--- RAW DATA Enclosed Below ---

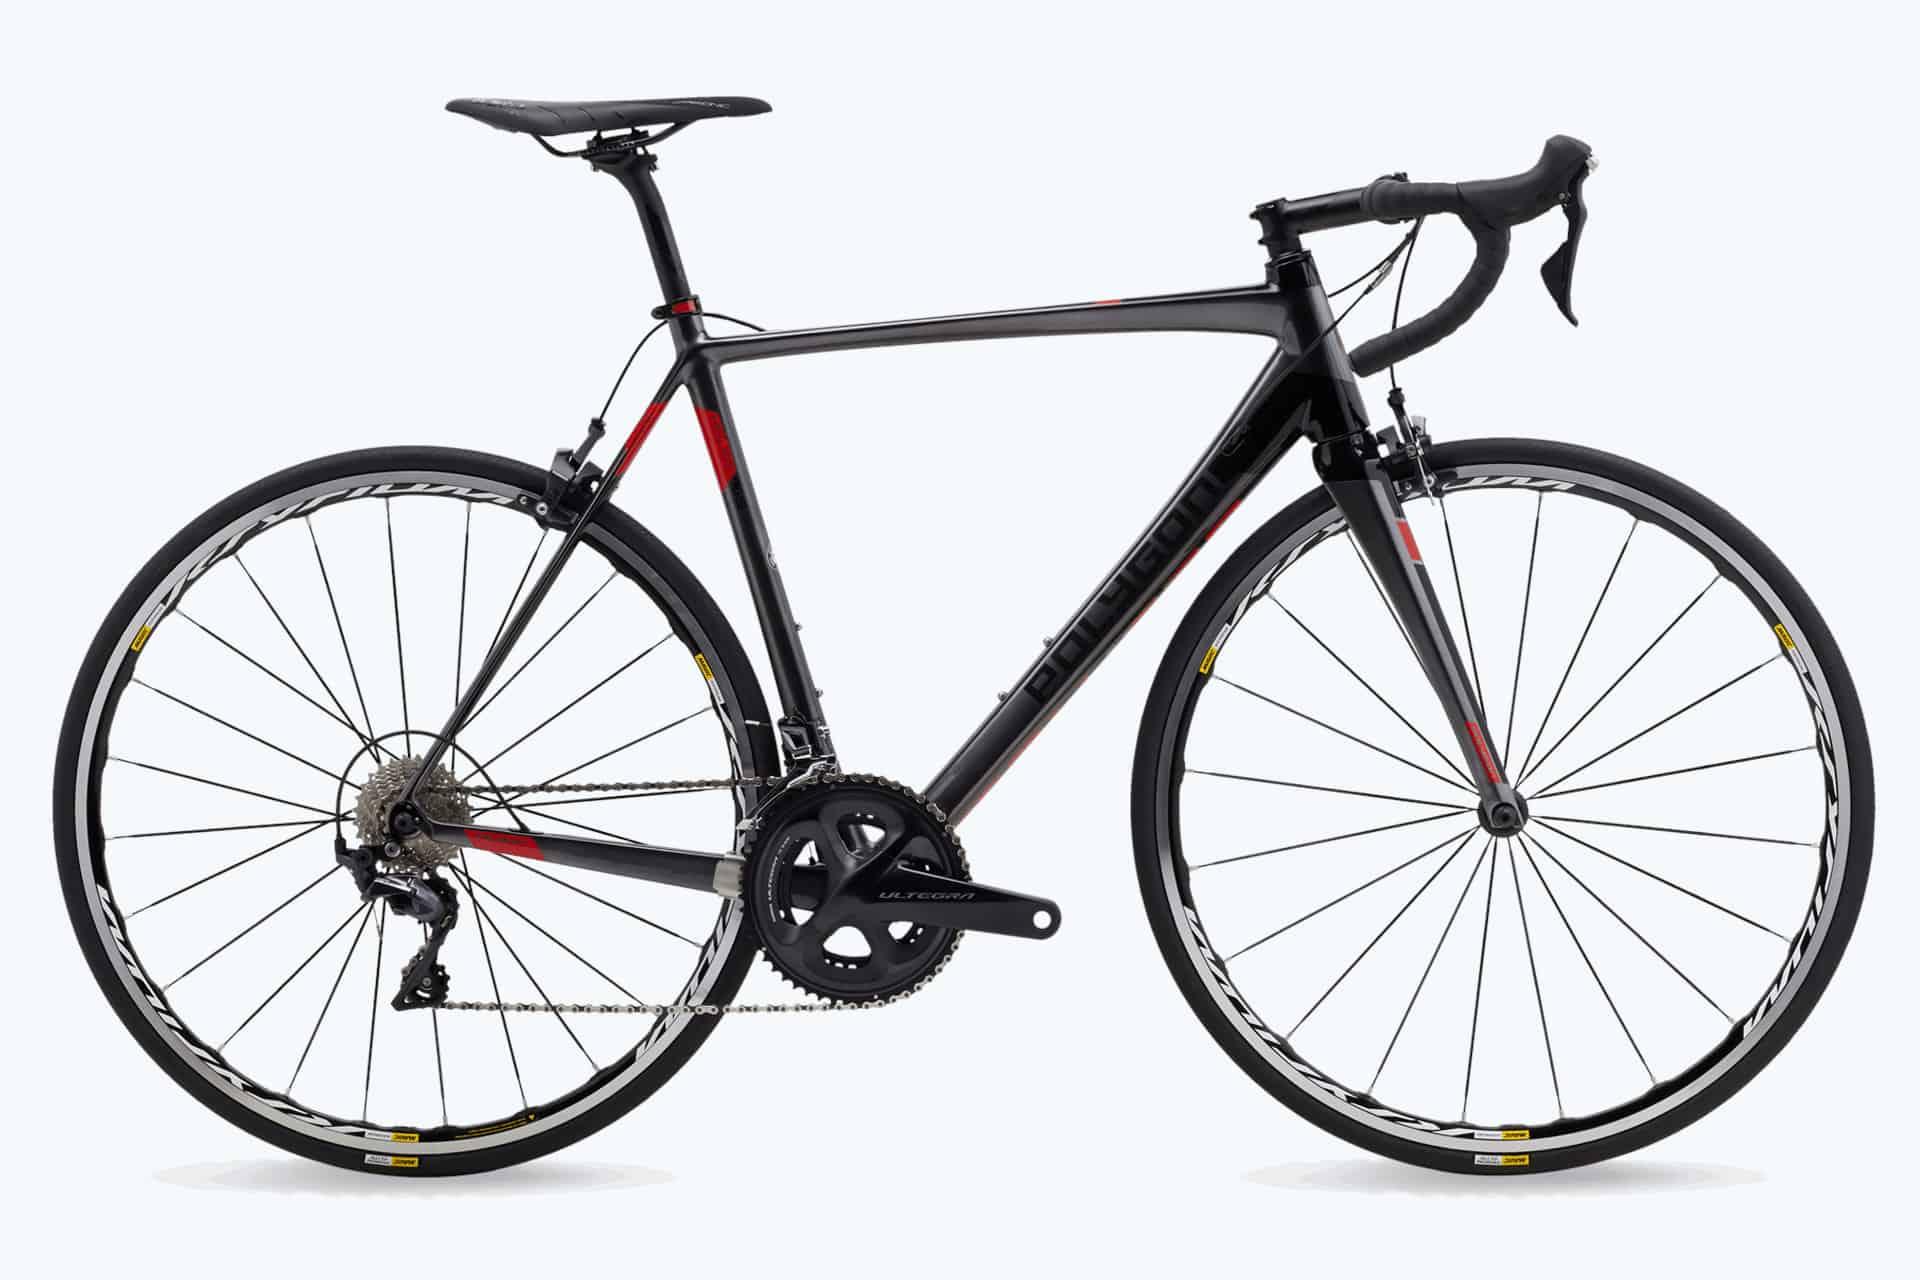 Spesifikasi dan Harga Polygon Helios Lt8 Chrome - Sepeda.Me
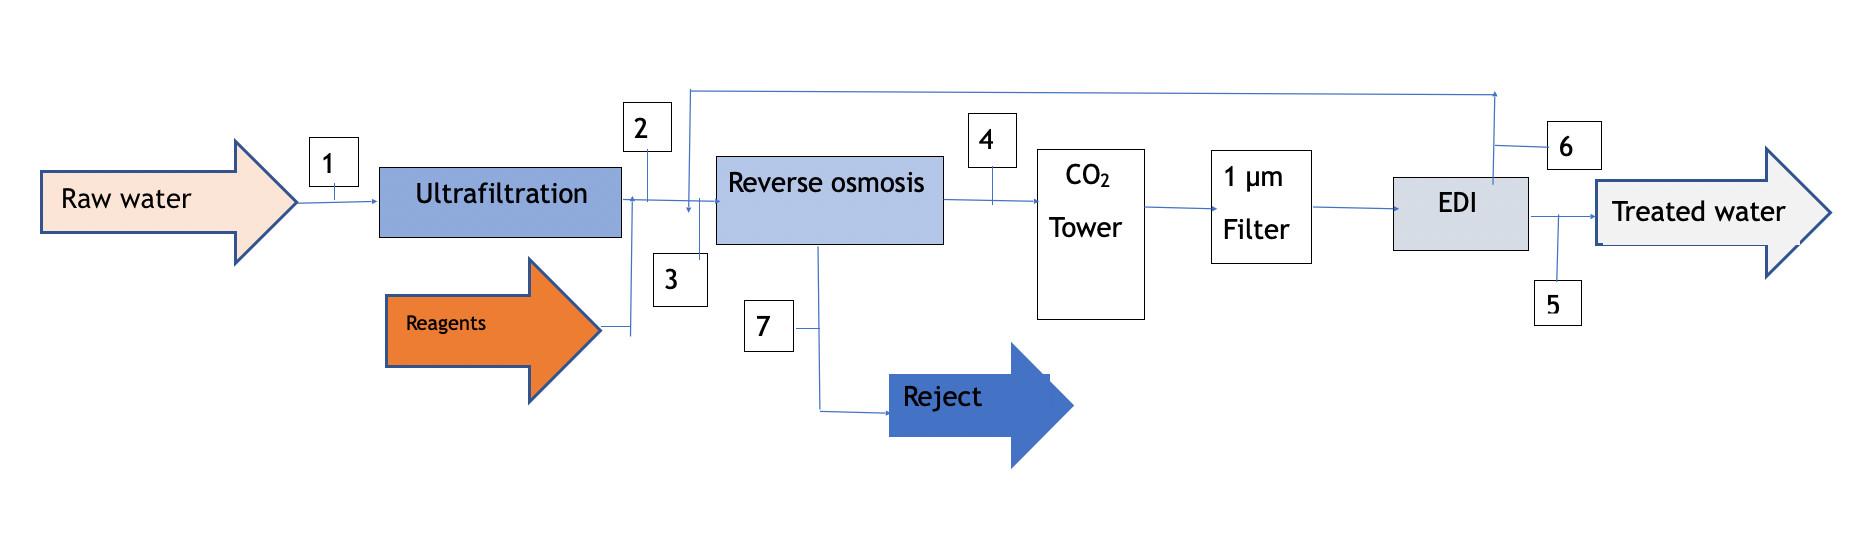 edi-diagram-2-en
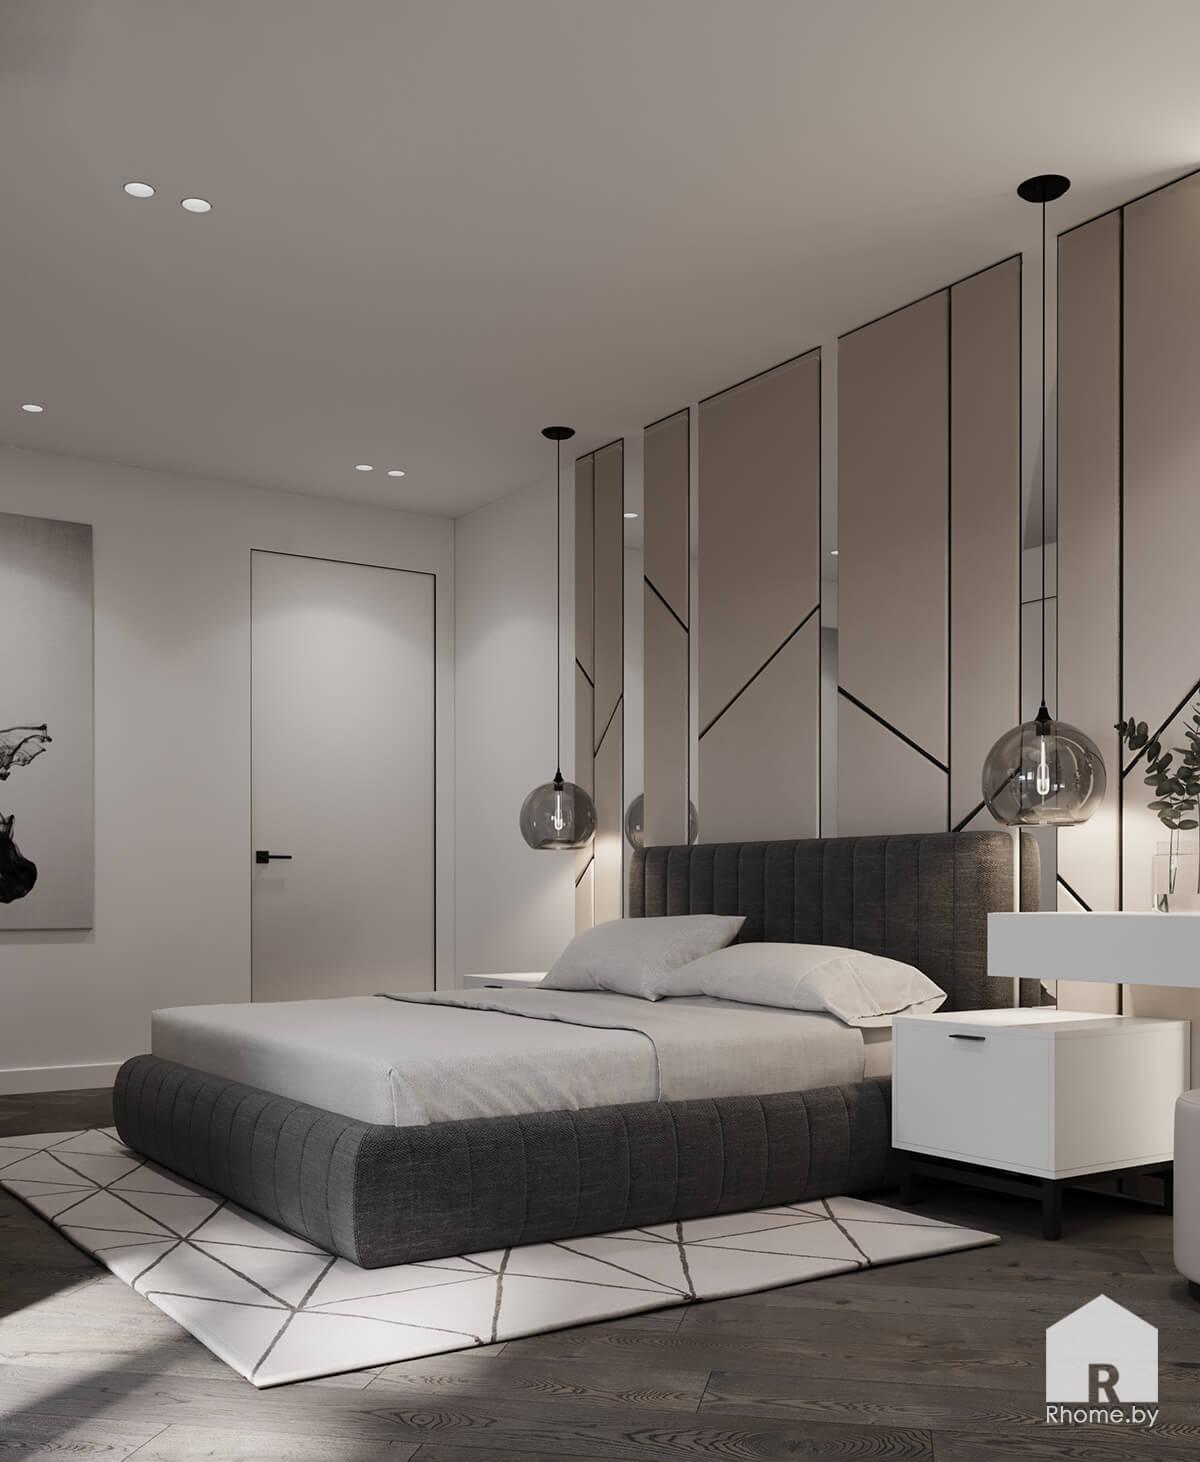 Спальня | Дизайн студия – Rhome.by

--- End of Enclosed RAW DATA ---

• YOUR TASK: Exact copy, no pictures: reproduce the whole listing above.

• TASK OUTPUT:
 Spesifikasi dan Harga Polygon Helios Lt8 Chrome - Sepeda.Me
 edi-diagram-2-en
 Спальня | Дизайн студия – Rhome.by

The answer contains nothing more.